Neural Network Training Dynamics
1: A Toy Model: Linear Regression
Why toy models
NNs are too complex to prove things about. However, we can notice phenomena and try to replicate them in toy models such as linear regression.
We can then use the toy models to make predictions that we can test empirically. In this way, simple models that offer many predictions are more lucrative than complex models.
Convex quadratic objective equation
\[ w_* \in \arg\min_w \frac{1}{2} w^TAw + b^Tw + c \]
Rigid transformations in SGD
SGD is translation invariant, meaning the solutions don’t change wrt rotations and translations.
Spectral decomposition
Any symmetric matrix \(A\) has a full set of eigenvectors, all eigenvalues are real, and eigenvectors can be taken to be orthogonal.
Basically, we can rewrite \(A\) as:
\[ A = QDQ^T \]
Where \(Q\) is orthogonal, and \(D\) is a diagonal matrix containing the eigenvalues of \(A\).
Analysing closed-form dynamics
- We use spectral decomposition to rotate to a basis where the eigenvalues are orthogonal.
- Thus, we can analyse each axis independently.
- We rewrite the per-axis updates as \(w_j = w_j - \alpha(a_jw_j + b_j)\).
- We handle the cases of \(a_j\) separately:
- If \(a_j > 0\), the update is stable, depending on \(\alpha\).
- If \(a_j = 0, b_j \neq 0\), the direction is irrelevant, and \(w_j\) never converges.
- If \(a_j = 0, b_j = 0\), \(w_j\) is never updated.
2: Taylor Approximations
Hessian, in terms of Taylor appoximation
A second-order Taylor approximation. The second derivative of the cost function wrt. the weights.
Jacobian notation
The Jacobian of \(y\) wrt. \(w\) is: $$ [J_{yw}]_{ij} = $$
Vector-Jacobian product (VJP)
The goal of the VJP is to compute \(J^Tv\), where \(J\) is the Jacobian of a function \(f\) and point \(x\), and \(v\) is a vector.

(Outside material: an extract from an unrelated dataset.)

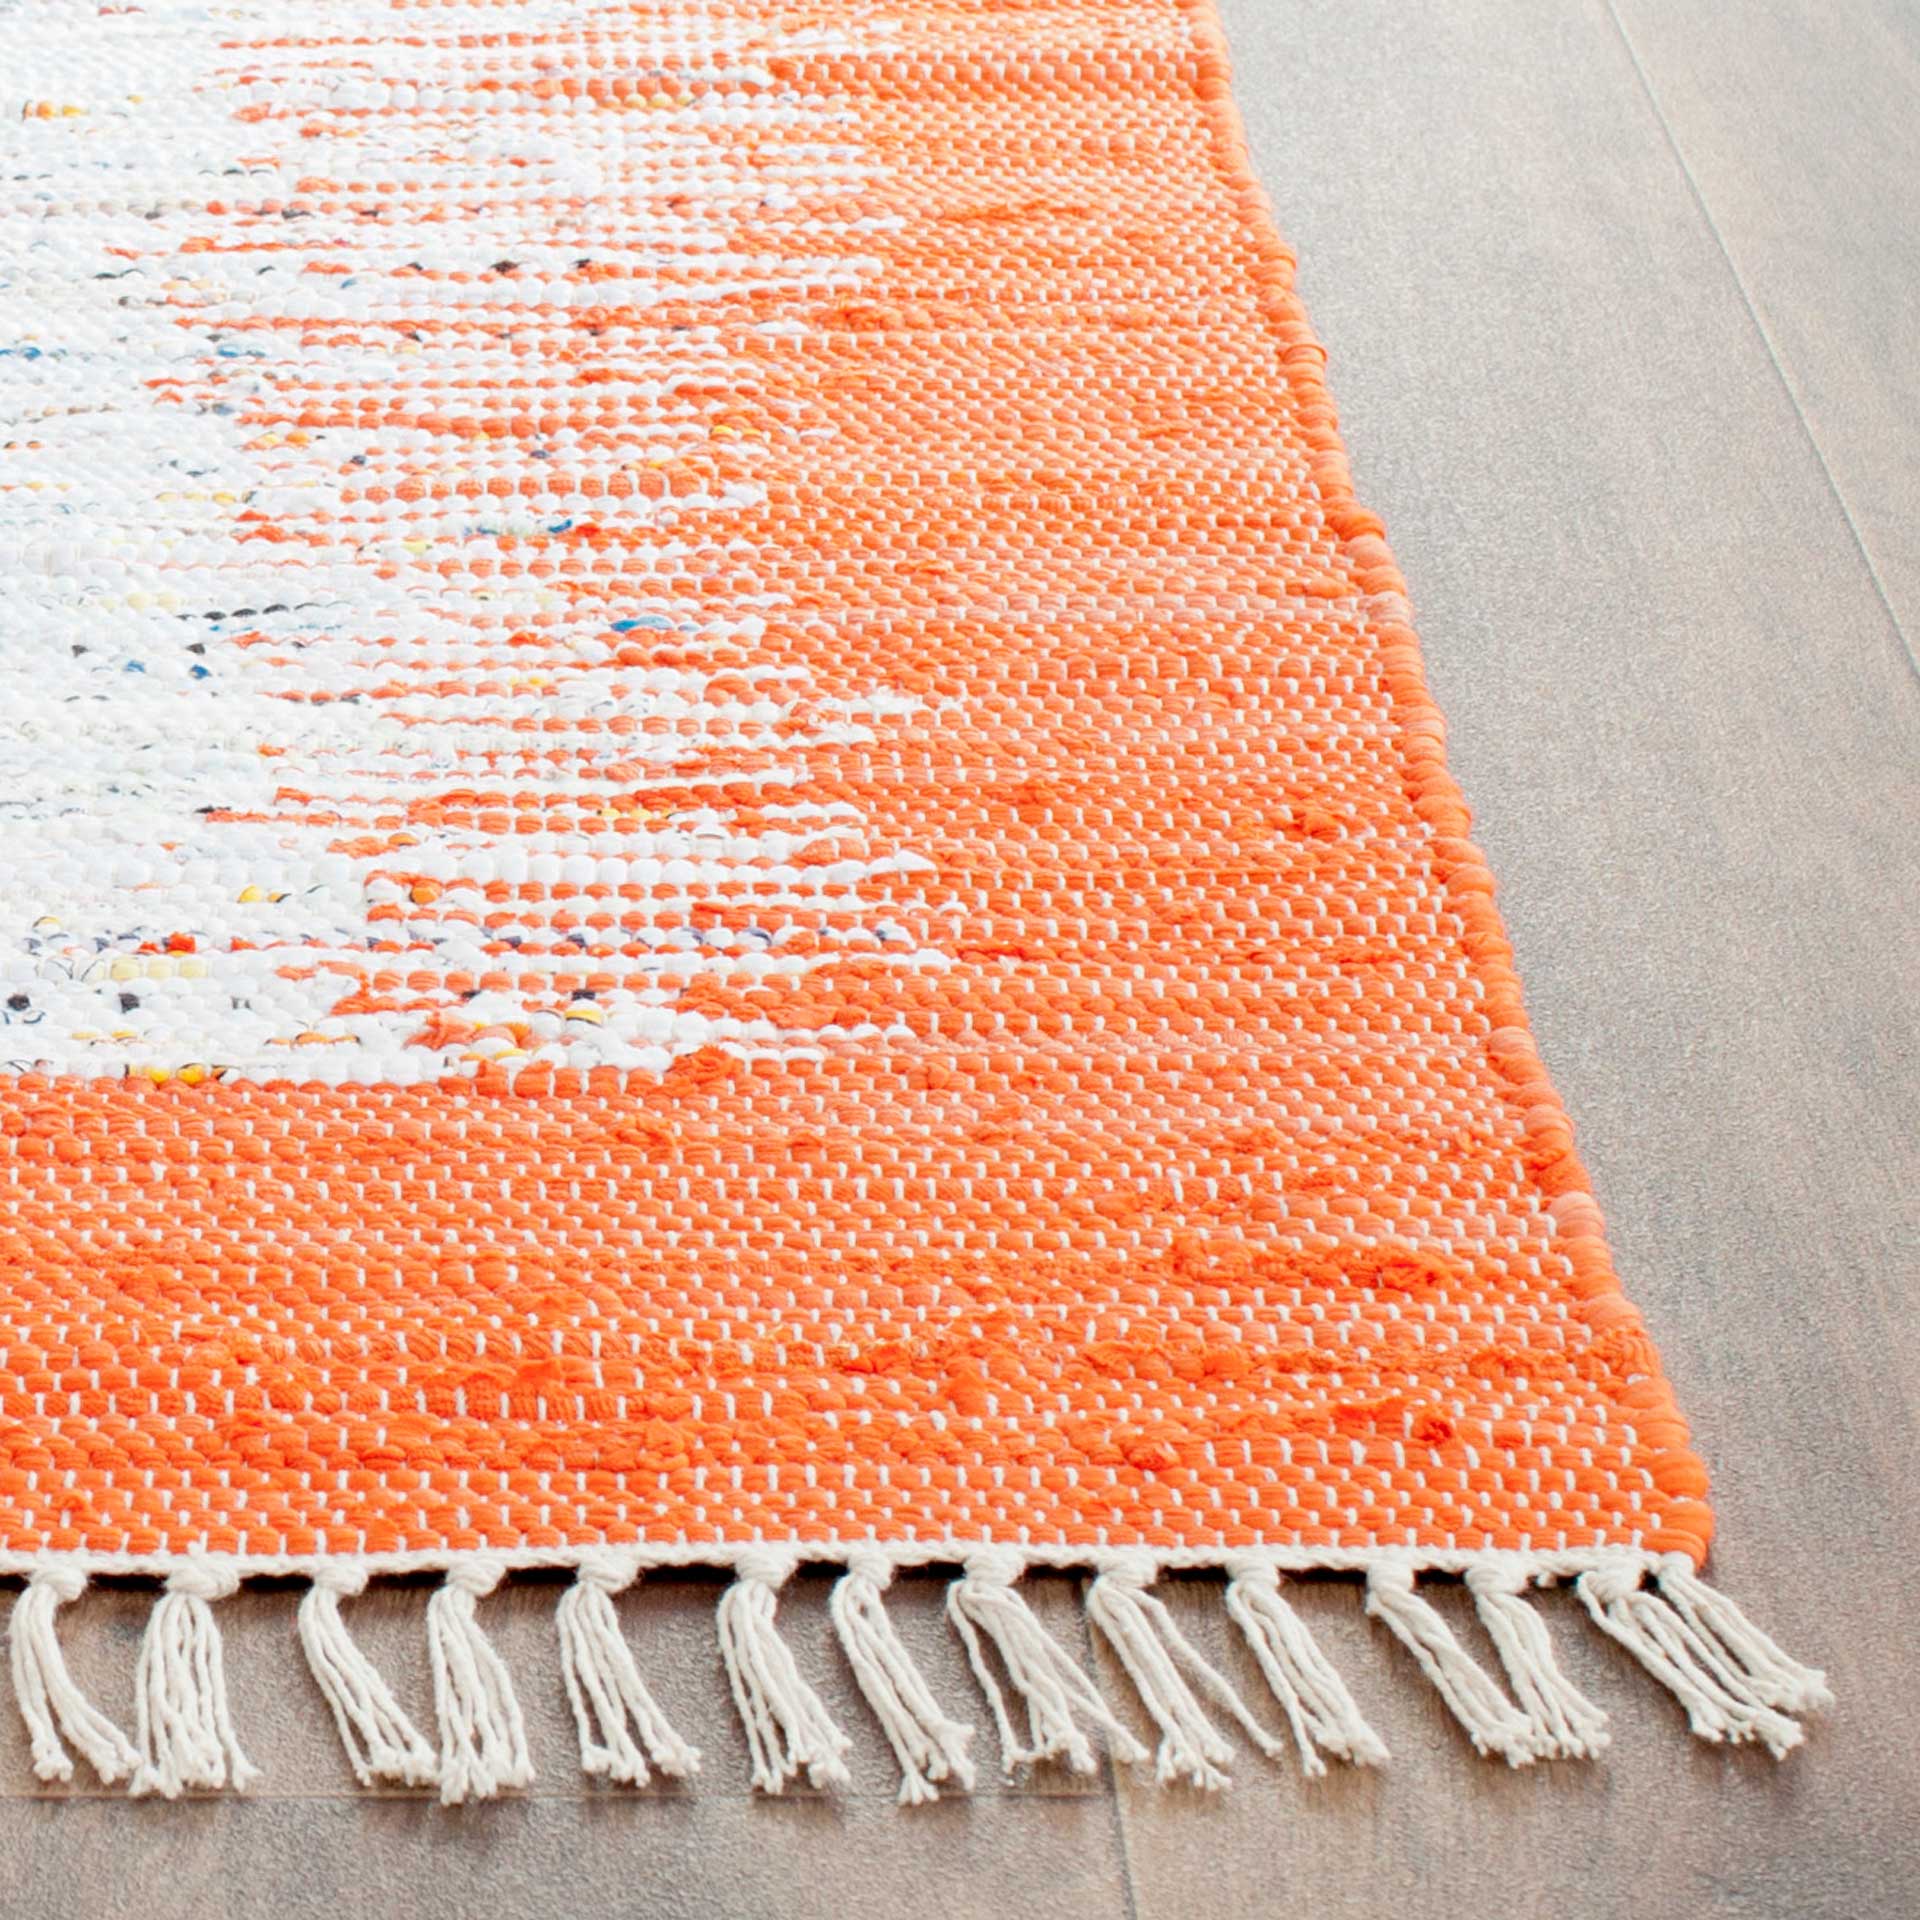 European (French or Russian) Chain Stitch Carpet 11’6” X 12’0” #7876

\[ \begin{align} x \in \mathbb{R}^{n} \\ y \in \mathbb{R}^{m} \\ v \in \mathbb{R}^{m} \\ \\ J \in \mathbb{R}^{m \times n} \\ J^T \in \mathbb{R}^{n \times m} \\ J^Tv \in \mathbb{R}^{n} \\ \end{align} \]
Gradient in terms of VJP
The gradient is the derivative of the loss function wrt. the weights. This is equivalent to the vector-Jacobian product wrt. the weights, where \(v = [1]\).
Gateaux derivative
This is the directional derivative of \(f\) in the direction of \(\Delta w\).
\[ \mathcal{R}_{\Delta \mathbf{w}} f(\mathbf{w}) = \lim_{h \to 0} \frac{f(\mathbf{w} + \Delta \mathbf{w}) - f(\mathbf{w})}{h} \]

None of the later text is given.